What to produce
Your answer must be the exact lines from the one with "Herb posy (Herb" to the end of the data, both included, with no pictures.

Dataset extract
• • • • •

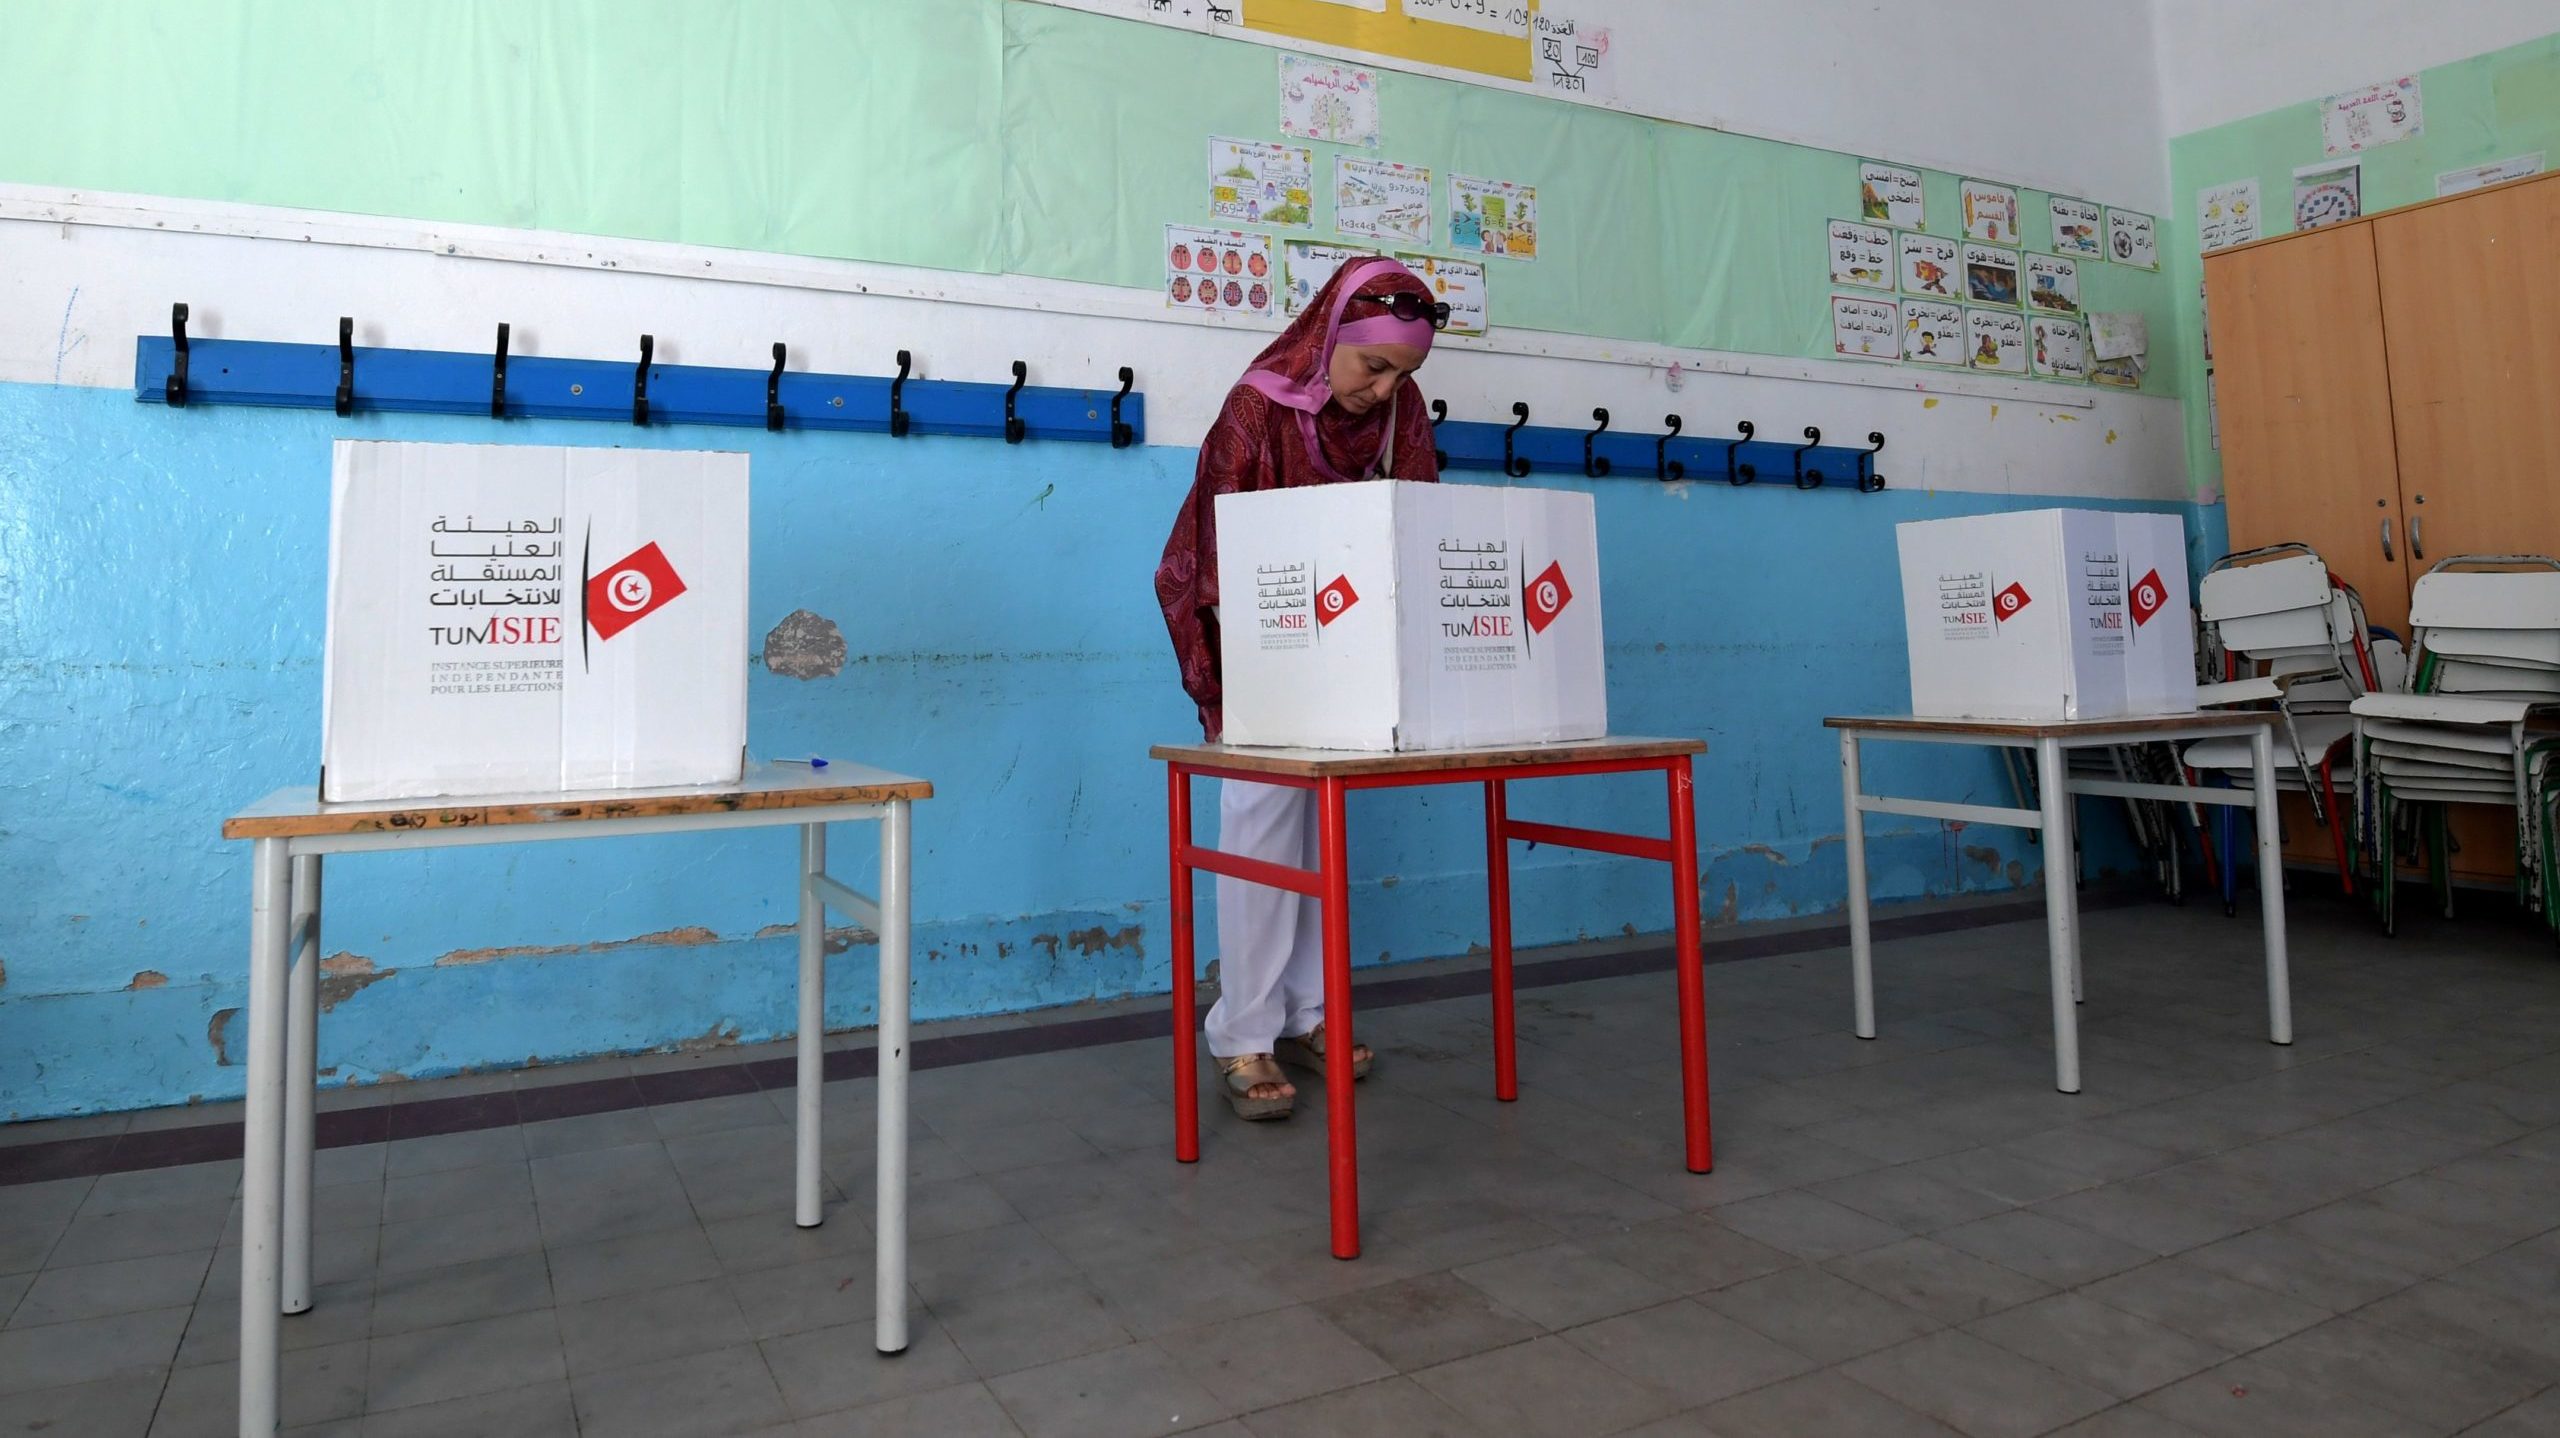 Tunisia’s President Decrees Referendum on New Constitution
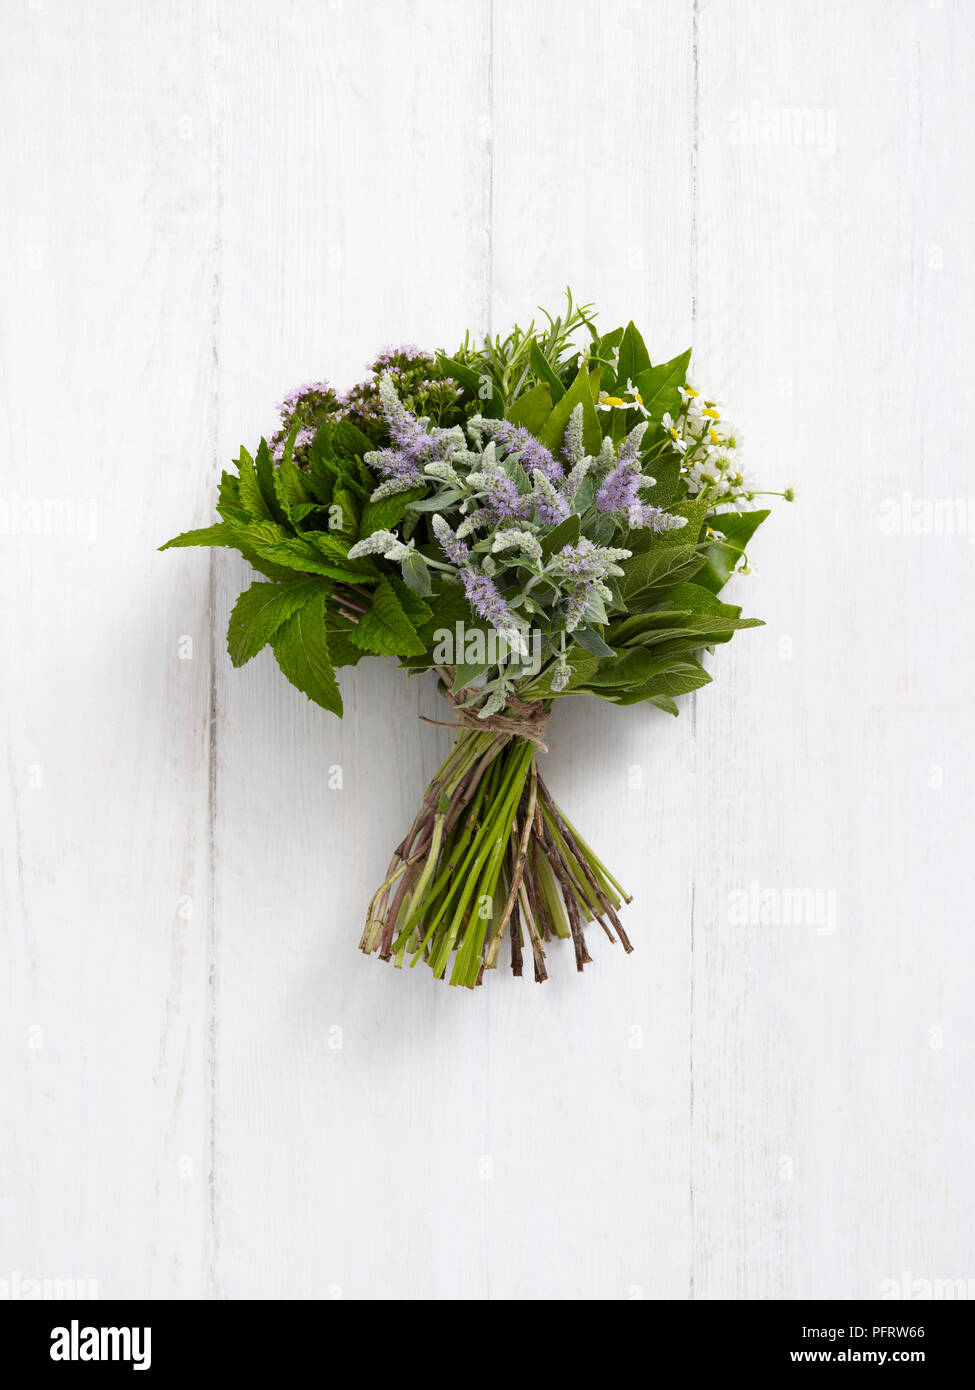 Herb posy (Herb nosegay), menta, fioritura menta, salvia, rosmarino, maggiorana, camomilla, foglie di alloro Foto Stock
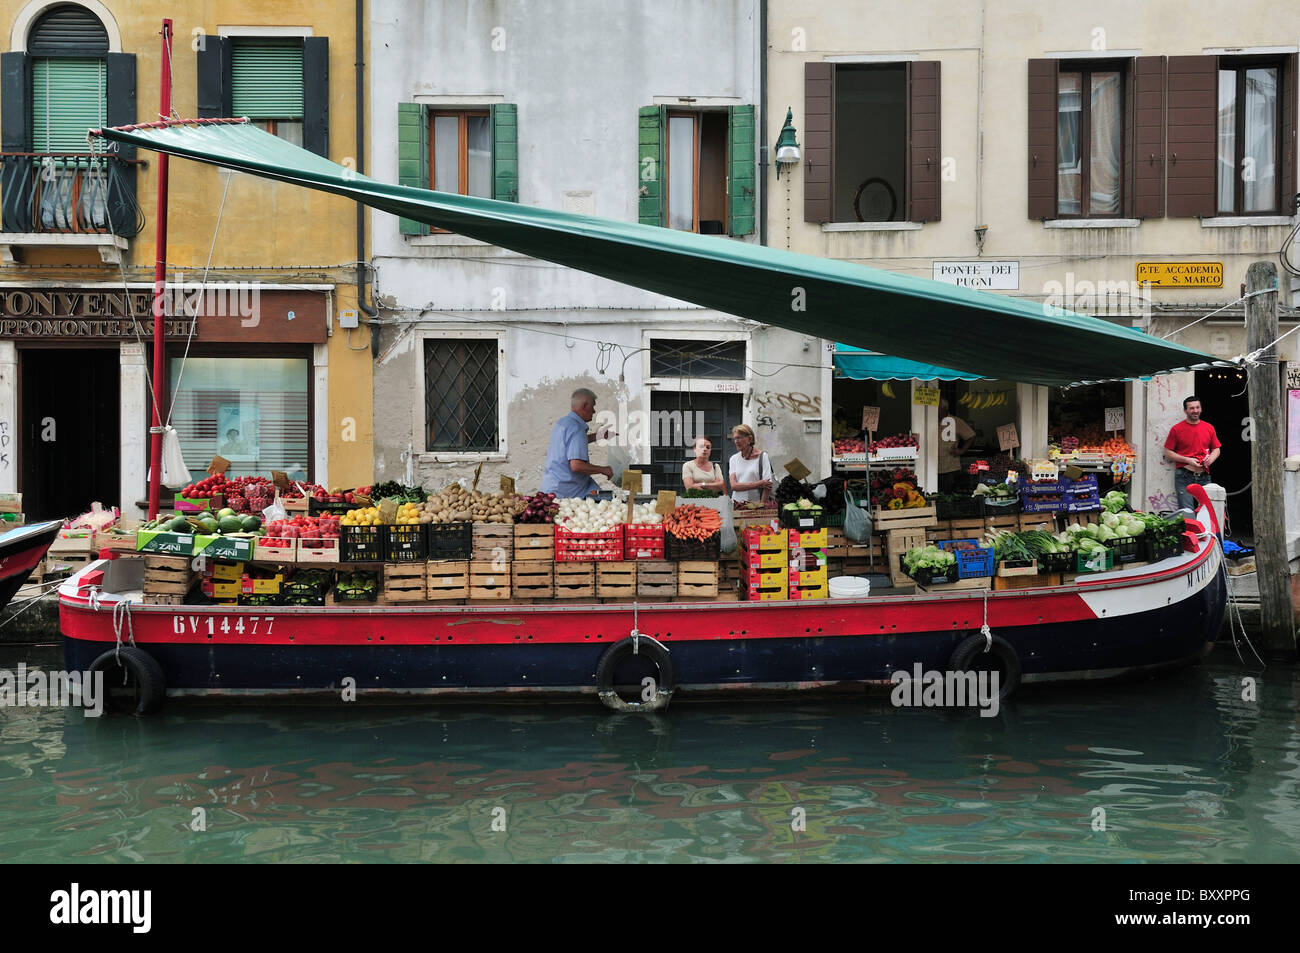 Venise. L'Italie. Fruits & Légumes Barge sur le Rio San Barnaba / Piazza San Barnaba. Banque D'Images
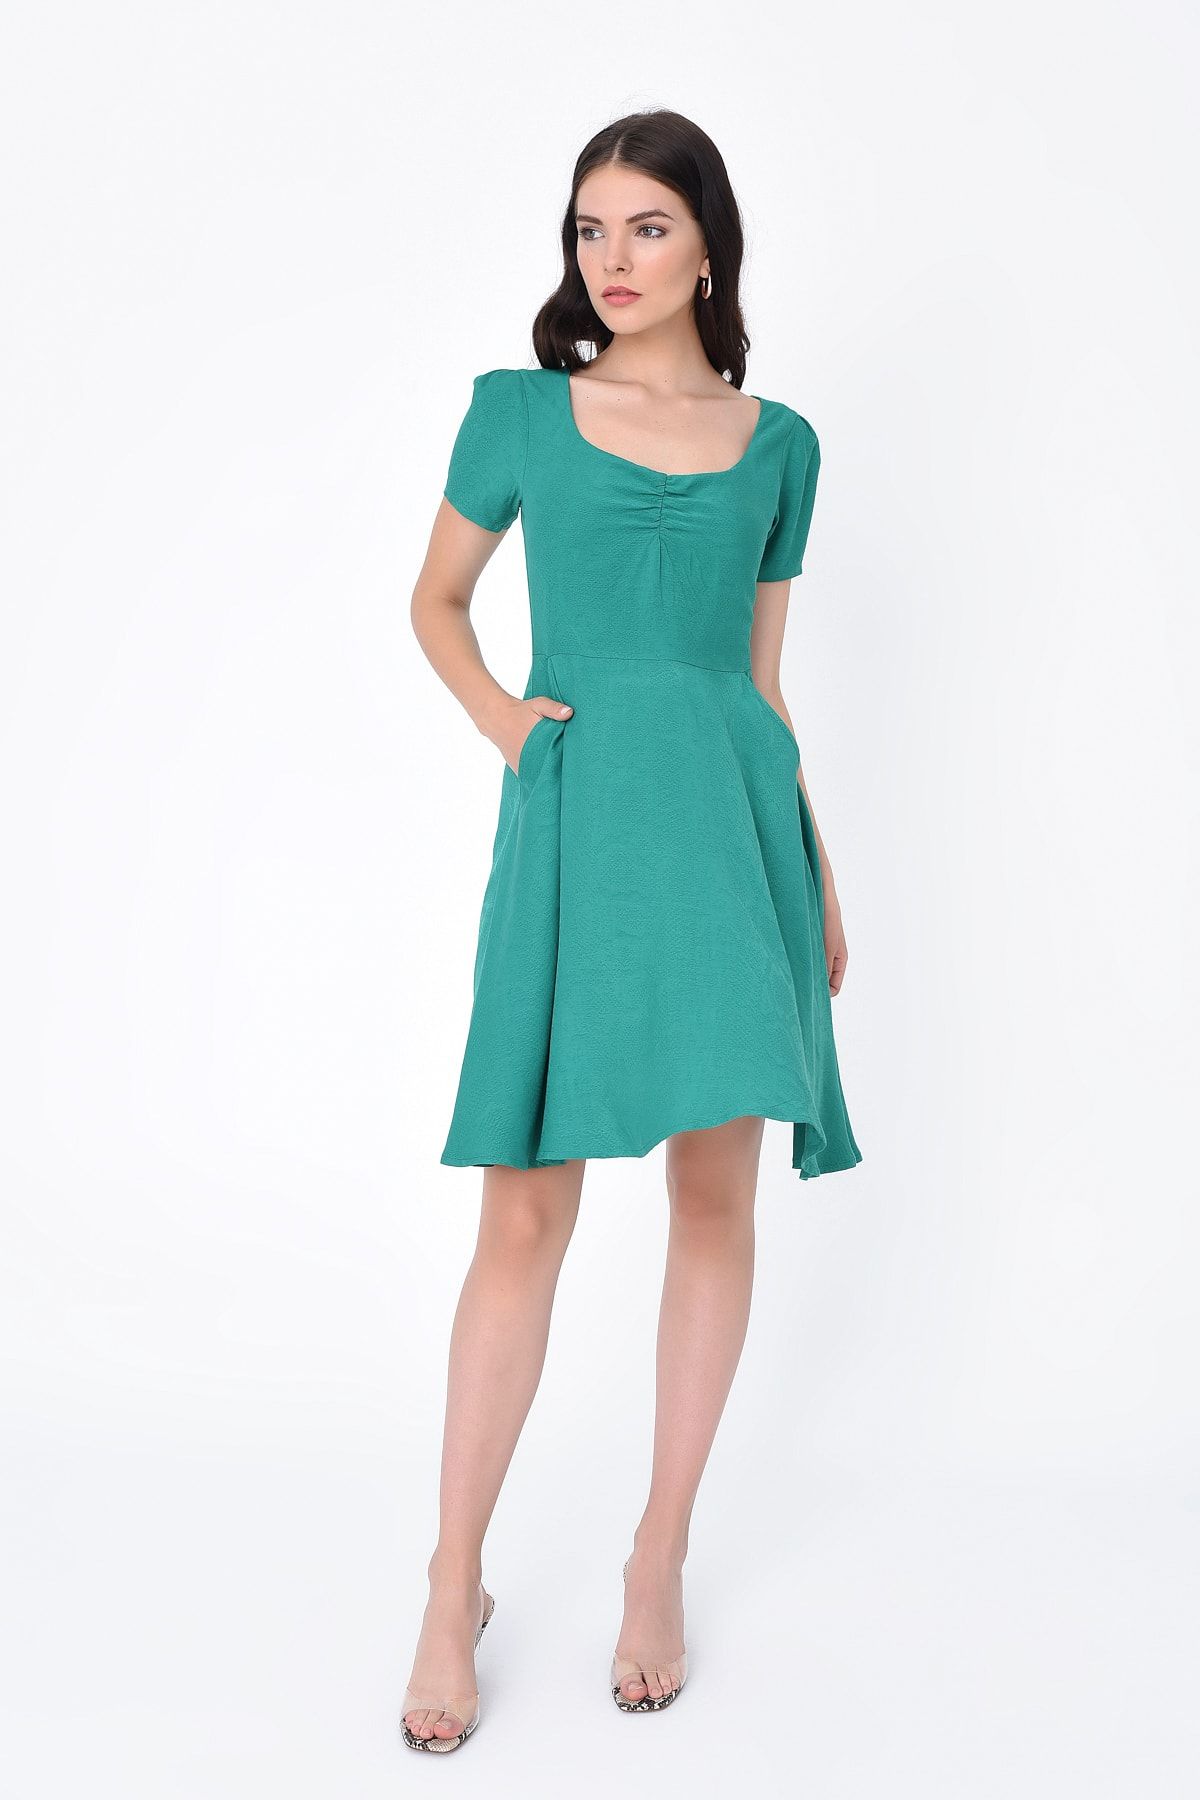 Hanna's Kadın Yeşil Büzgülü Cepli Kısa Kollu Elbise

• • • • •

Task solution
 Herb posy (Herb nosegay), menta, fioritura menta, salvia, rosmarino, maggiorana, camomilla, foglie di alloro Foto Stock
 Venise. L'Italie. Fruits & Légumes Barge sur le Rio San Barnaba / Piazza San Barnaba. Banque D'Images
 Hanna's Kadın Yeşil Büzgülü Cepli Kısa Kollu Elbise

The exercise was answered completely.